And yes, Srtiels- she was handfed by a man, she generally dislikes women in general, she's ok with me, meaning she tolerates me, once in a blue moon she asks me for kisses (not scratches, she abhores my fingers near her face, unless I have something she likes to eat), but even then, out of nowhere she'll nip at me.
We're thinking of getting now NOT hand reared baby this time as I've heard they cause much less behavioural problems in the future and don't tend to bond to just one person. What's your opinion?


----------



## roxy culver (May 27, 2010)

The problem with non-handfed is whether its tame or not. They can be lovely pets too but only if tame. If untame it'll bite and sometimes they draw blood! So it just depends on whether you have the time to train this 2nd bird.


----------



## Mika (Sep 8, 2008)

I think the best is if you can find someone who lets the parents raise the young but still spends a lot of time with the babies. This way they have the best of both worlds, they know that they are birds, not humans, therefor they do not form such extreme bonds with humans but they are still tame and will want to spend time with people. Unfortunately it is hard to find breeders who "co-parent" the babies with the bird parents, most either hand feed or let the parents raise the babies and do not interact with them at all. If you do get one that is totally parent raised then you should get one very young, just after it has weened. Not sure which make better pets, my are both hand raised. I think a lot of it has to do with the individual bird's personality. 
If you do want to get a second tiel then you should get one sooner rather then later since the longer you wait the harder it will be to get your cockatiel to accept the new one, it will be easier while she is still fairly young.


----------



## srtiels (May 1, 2009)

Nika,

I have done it both ways, handfed and parent raised. I have learned that the handfeds can imprint to one sex (human) therefore I have learned to try and have strangers or famly members come and handle them or be around them so that they are used to various people, and don't fixtate on one type of person. So if you can find a breeder that has a large famly and can socialize the handfed to different people of different sexes and ages that would be good. That is also where a petshop has it over the private breeder because their handfeds are exposed to various people.
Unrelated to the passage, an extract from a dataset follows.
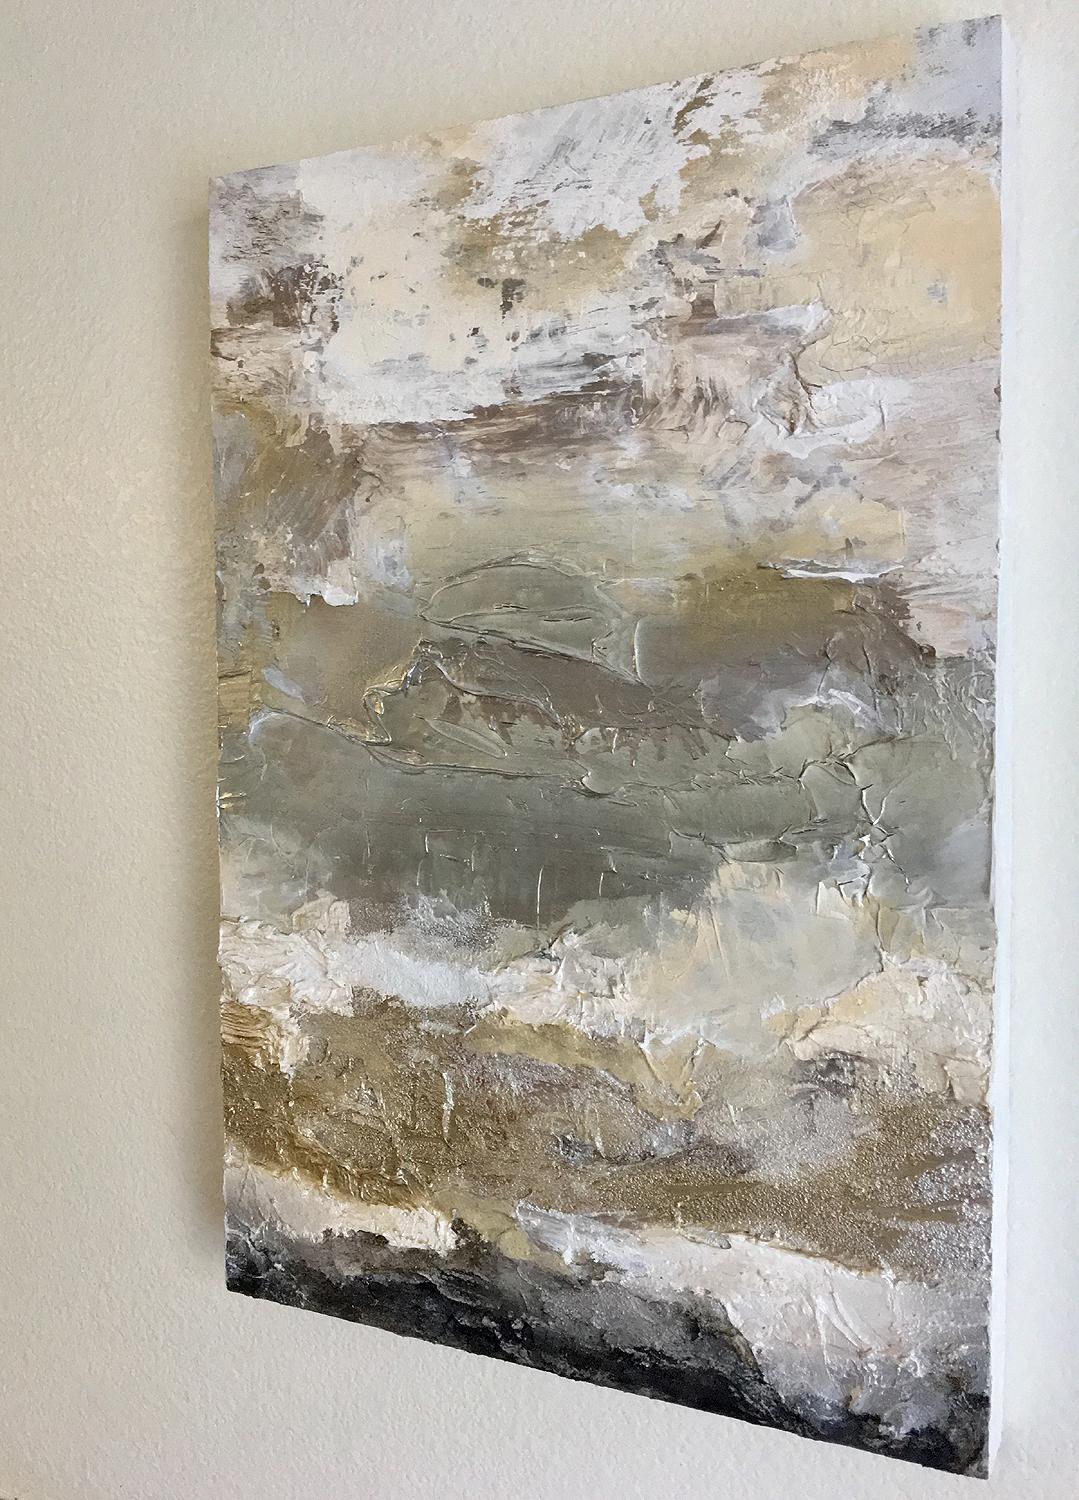 <p>Artist Comments<br /> My Sue;o - My Heart.   My inspiration came from a dream where I was painting en plein air in a beach setting. This series was painted on the beach in my dream and may be interpreted as purely abstract, landscape or

As to parent raised, find a breeder that is home all the time. What they can do is to condition the patrent birds to be used to them cheeking the nestbox several times a day from the time the first ewgg is layed. As the babies hatch they can check on them several times a day and handle them. Once the eyes open they can take the babies out for 10-15 minutes at a time several times a day so that they are used to people, and then allow the parents to wean the chicks out. I did this once with a colony flight that had 18 babies between the pairs. I handled the babies from hatch. The parents fledged them. I got neglectful and did not handle them once they fledged. When they were 3 months old I went to move them to another flight. i was so surprised that they were laid back, tame, and would hop up on my finger. They were as tame as handfed birds.

also, I would like to point out, just because a bird was handfed does not mean that it is going to be a tame pet. I have seen many handfeds revert right back to wild once they are weaned. A lot of this has to do with their dispositions. If the parents had good dispositions this is passed onto the babies, and they in turn have good dispositions and make great pets. If the parents do not have good, gentle dispositions, especially if they were handfed themselves, this gets passed along to the babies and they in turn tend to be less reluctant to want to interact with as human.


----------



## Nika (Nov 9, 2010)

Sincere thanks, it's definately food for thought! Unfortunately the country I live in, doesn't seem to have more than two breeders, if there are, they're extremely well hidden! Both seem to hand raise the chicks and we're both not too willing to get bird with similar behavioural problems. Don't get me wrong, I love this irritating Missy, but she can wear us out!
Maybe somebody from Ireland know of good breeders?
And once again- thank you.


----------